While which packaging tool to use was ambiguous in the past, it’s now much easier to recommend one. At the time of writing (September 2016), you should use setuptools. It’s what most packages use, is fully supported by pypi and pip, and works pretty well. For a summary of the subject of python packaging tools, this page summarises them all very well. For an authoritative reference, see packaging.python.org.

debianThis article will show you how to package a simple command line application for Debian with setuptools, pytest and stdeb.

There is nothing that makes me an authority on this, however I am currently implementing a Continuous Integration pipeline for Python packages at Gumtree. I’ve also been packaging Python packages (with varying degrees of success) for more than two years, and am lucky to work with some talented engineers with extensive knowledge of Jenkins and packaging generally.

But most importantly, I’ve done Python packaging wrong many times, and an article such as this would have helped me immensely when I started out.

Audience

I will try to use plain English where possible, but I’m aiming this at people who know at least a bit of Python, are familiar with Debian or Linux, and want to package their Python software properly for the OS. Familiarity with argparse also helps if you want to build on what you learn here.

This is an opinionated article, and reflects what I consider to be current best-practice. However at the end of the day this is just how I do it, and there could well be superior methods or tools that I’m not aware of. If you have any suggestions for this article, please comment or contact me. I expect this to be a living document as practices evolve.

One tool I am not covering here is Spotify’s dh-virtualenv. The reason for this is simple – it’s overkill for small projects, and isn’t particularly useful if you don’t understand what’s happening underneath it. If you have a large complex app with many dependencies that aren’t in Debian, or you need newer versions it’s a great tool, but for simple stuff which can happily use the base Debian Python distribution, I recommend sticking to stdeb.

The resulting package can’t be uploaded to pypi because there is already a “pysay” package (which I have no affiliation with), but the package built here could be uploaded in principle by another name. (sidenote: check out ponysay. It takes the cowsay phenomenon to a whole new level)

I also won’t cover hosting an internal repository. Devpi is the tool to use for this, and the documentation is quite good. If you want to host your own pypi repository it’s leaps and bounds ahead of anything else.

Required tools

A text editor/IDE of your choice (I use vim and PyCharm), a bash terminal, Python (2 or 3, this should be compatible with both), git, python-setuptools, python-stdeb, python-argparse, and a Debian or Ubuntu machine should do it. Bash is also available on OSX machines, and Windows as well if you install Windows Subsystem for Linux, which is probably the way to go, given the nightmare that is Python development tooling on native Windows.

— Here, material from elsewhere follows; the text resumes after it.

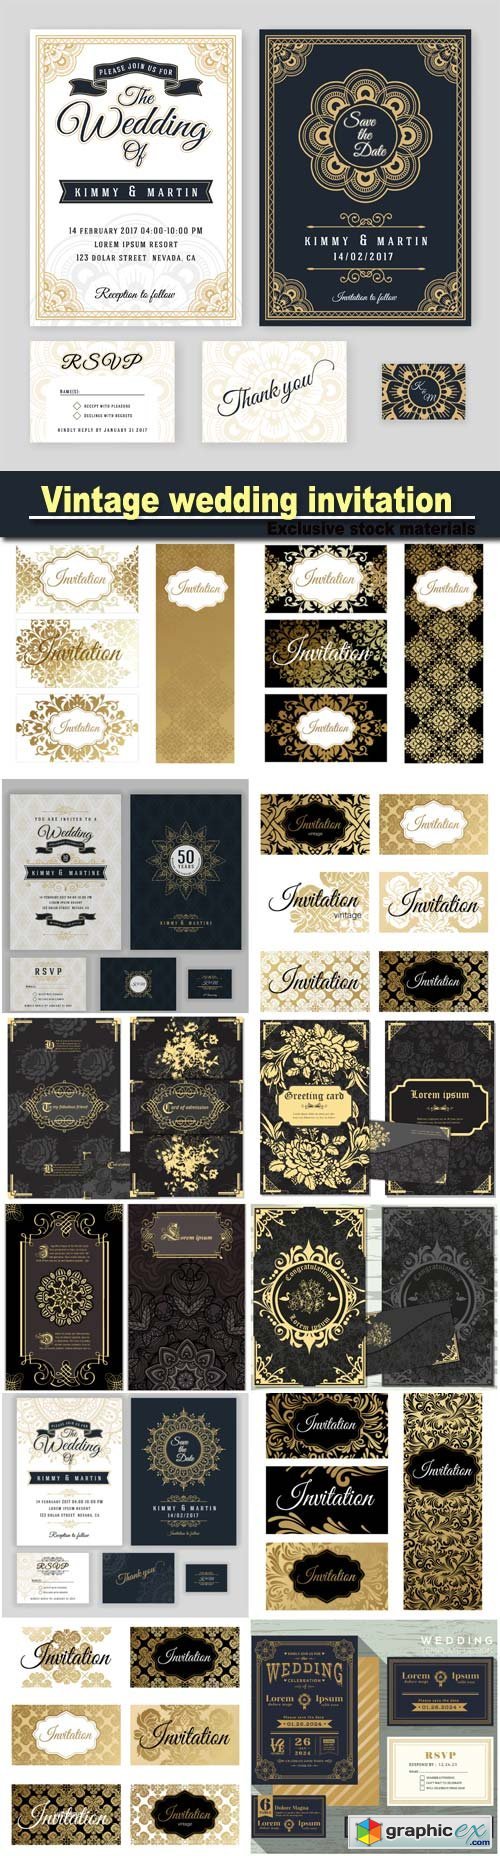 Vintage wedding invitation, design sets include Invitation card

Everything except the Debian package build can be done on OSX, and with WSfL you could probably do the whole lot without a real Debian machine at all.

Outline

Packaging Python code for Debian involves several layers (module, python package, debian package), and this article will address all of them:

  1. Creating a simple Python module. You can safely skip this section if you already have code to use, or if you’re comfortable writing modules you can use my example on Github and skim through.
  2. Packaging our module for Python by creating a setup.py file which configures setuptools.
  3. Building a python package for Debian with stdeb.
  4. Adding unit tests to our package.

You may want to create a repo online somewhere, such as on Github, but this is optional – Git is not the focus of this tutorial, it’s just what I use.

The completed project is available at https://github.com/al4/python-tutorial-pysay.

Creating a Python module

You should always create a module for any code that could be reused or extended in the future. The overhead is low, and you can import your module into other projects (code reuse). Having a well-organised project is a solid foundation to build on.

What distinguishes a module from a simple file? A Python file is simply a .py file that can be executed directly by calling python file.py $args.
You can also call ./file.py $args if it is an executable file with a shebang (i.e. something like #!/usr/bin/python) at the top.

This is fine for throwaway scripts, but it’s no way to write Python software, and doesn’t encourage code reuse at all.

A Python module is simply a directory with a __init__.py file in it, which makes it importable by calling import module from within Python. It is still executable with arguments from the command line by calling python -c "import module; module.some_function()" $args from the command line (if the module is in your path, which by default includes the current directory), but this is not the preferred interface as you will see later in the tutorial.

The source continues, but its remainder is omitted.